本作は、昼は妻にタジタジ、ハードボイルド気取りばかりで、ここ数年原稿は採用されず発行してもらえない頼りない小説家、夜はチマタで噂の伝説の殺し屋なのでは…と囁かれる御年74歳の男性が主人公のハードボイルドコメディ。

昼と夜の顔を持ち合わせるキャラ濃いめの市川進/御前零児(おまえれいじ/ペンネーム)役に抜擢されたのは、コメディ、ヒューマンドラマ、サスペンスなどジャンル問わずに多くの作品に起用され続け、18年ぶりの映画主演作となる石橋蓮司。監督を務めるのは、『どついたるねん』(1989)でのデビューから、『新・仁義なき戦い。』『KT』『半世界』『エルネスト』『団地』など、“田舎町に住む一人の男の半生”から“国家的な謀略”、そして“宇宙”にいたるまで、様々な世界の中に潜む“人間の本質”や“男”を描くことに定評を得てきた阪本順治。また脚本は、ドラマ「探偵物語」シリーズや『野獣死すべし』の脚本などで常に同時代に生きる若者達の心を鷲づかみにし、アウトローでハードボイルドな男を描かせたら右に出る者はいない丸山昇一が担当する。「50年続く青春映画」「笑えるノワール」といったイメージで書き出したという本作。阪本監督とは『行きずりの街』以来、9年ぶりのタッグとなる。

制作のきっかけは原田芳雄邸に多くの監督・俳優陣が集まった時の事。阪本監督に向けて、「原田さん主演の次は石橋さん主演で映画を作ろうじゃないか」と盛り上がったのだという。並行して脚本の丸山が「一度も引き金を引いたことのないヒットマン」の構想を監督と練っていた事も本作制作の第一歩につながった。

共演者として、主人公・市川の夜の顔を知らずまっすぐに生きてきたしっかり者の妻・弥生役を大楠道代。セキュリティ会社の裏仕事として市川に殺しを依頼するが、ついに自身の命を狙われる危機に見舞われる、市川の学生時代からの旧友・石田和行役を、阪本組に数多く出演する岸部一徳。そして、実は本作で阪本組デビューを果たすのが、市川、石田の旧友であり、かつてはミュージカル主演女優として活躍をしていた桃井かおり。市川の妻・弥生に浮気相手と疑われてしまうが、頼りない男達の中で気丈に振る舞い、女優としての色気と力強さを兼ねた女性・玉淀ひかる役を演じる。そのほか、石橋蓮司主演ならばと、自ら手を挙げ出演を望んだキャストも数多く、豪華名優たちの出演が実現。追って発表される。

■石橋蓮司(市川進/御前零児役) コメント
この作品は、撮影スケジュールをとにかくこなす、という事だけでなく、昔僕たちが若い時代に作っていた映画のように、アイデアを出し合ってやれた現場でした。夢を諦めながらも必死にしがみついていく我々世代の大人達の話です。言ってみれば、“昭和の時代の挽歌”というのでしょうか。
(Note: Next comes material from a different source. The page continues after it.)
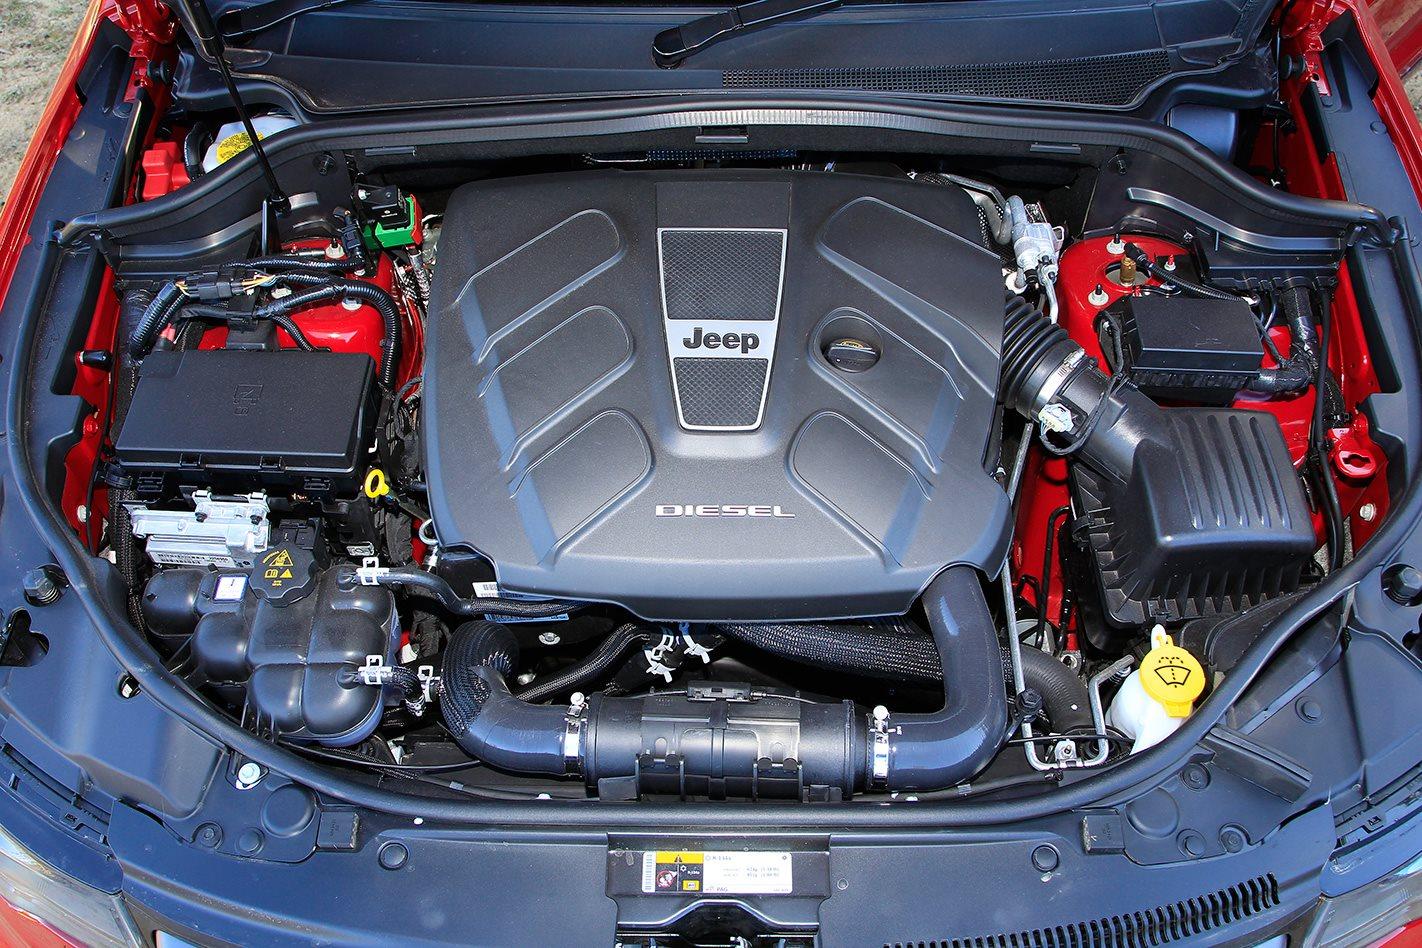 2017 Jeep Grand Cherokee Trailhawk engine.jpg

ハードボイルドな作品ではあるのですが、あまりシリアス過ぎると共感を呼ばないので、「あくまで、これは喜劇なのだ」という阪本監督の姿勢には賛成でした。真面目にやればやるほど、ある意味喜劇になるかもしれない、はたまたリアリティとして受けとる人もいるでしょう。共感してくれる人がいてくれたら嬉しいですね。ハードボイルド映画ですから、撮影中、もっとかっこよく歩きたいな、なんて思うんですが、年なんですね、まっすぐ歩こうとするけど余計によれちゃったりして(笑)。映画の基礎を作ってきた70年代の厳しく激しい昭和の映画作りの現場や、80~90年代も経験してきましたが、逆に一番のロマンを作ってきた時代だったな、と感じています。この映画は、お利口さんに生きる事ができず不器用で、でも心情的には熱いものがあって、時代に合わせて生きていく事ができない人間たちの物語です。それが昭和の人間の良さであり、“悪さ”とも思う。そんな作品になってくれればと思っています。是非面白がって見て頂けたらと思います。

■阪本順治(監督) コメント
これは、たとえ、ひとところにいようとも、流れ者たちのものがたり。排気ガスや煤煙や紫煙を肺いっぱいにすい込んできた世代が、せっせと音楽に、映画に、演劇に、政治にからだを預け、そのなかで栄養を摂り、生きてきた。それがいま、「なんですか、この慈悲心のない、みせかけだけの時代は」と、不愉快きわまりない。が、それをぐっとのみこんで、「まあ、遊ぼじゃないか」と集まったものどうし、戯れ、じぶんたちのすきな世界をいつまでも求めて、ひとびとから距離を置き、いや、距離を置かれ、忘れ去られるのは、それはそれでさみしいなと、嘆いたりもするが、それよりずっと大切なじかんがあると、朝から晩までうろたえることをやめない、この作品は、そんな輩たちの、哀愁ただよう活劇&ど喜劇で…。あ、そういえば、どこかの小説家が、どこかにこんな言葉を残していたらしい。「なにか言いたいやつは、みんなどこかおかしい」。どうか、日頃の鬱憤をありったけ持ち込んで、私たちの、架空に遊ぶ無邪気なさまを観ていただければ、きっと心は晴れやかに!

『一度も撃ってません』
2020年4月 TOHOシネマズ シャンテほか全国ロードショー
監督:阪本順治
脚本:丸山昇一
出演:石橋蓮司 大楠道代 岸部一徳 桃井かおり
配給:キノフィルムズ

【ストーリー】 市川進(石橋蓮司)はハードボイルドを気取っているが、今や全く原稿が採用されない時代遅れの作家。そんな彼には旧友・石田和行(岸部一徳)から依頼を請け負う、伝説の殺し屋・サイレントキラーというもう一つの顔があった。だが彼自身はもっぱら狙う標的の行動をリサーチするだけで、実際の殺しは今西友也が行っていた。ある日、石田が中国系のヒットマンから命を狙われ、市川にも身の危険が迫る。そんな市川の行動に不信を抱いた妻の弥生(大楠道代)は、夫の浮気を疑って市川の立ち回り先を調べ始める。一方、市川はヒットマンを返り討ちにするため今西を探すが、見つけた今西は酔って仕事ができない状態だった。市川行きつけのバー『Y』に現れた弥生は、市川と旧知の女性・玉淀ひかる(桃井かおり)に夫との仲を問い詰めた。そこにやってきたヒットマン。そして一度も人を撃ったことがない殺し屋・市川が『Y』に入ってきた…。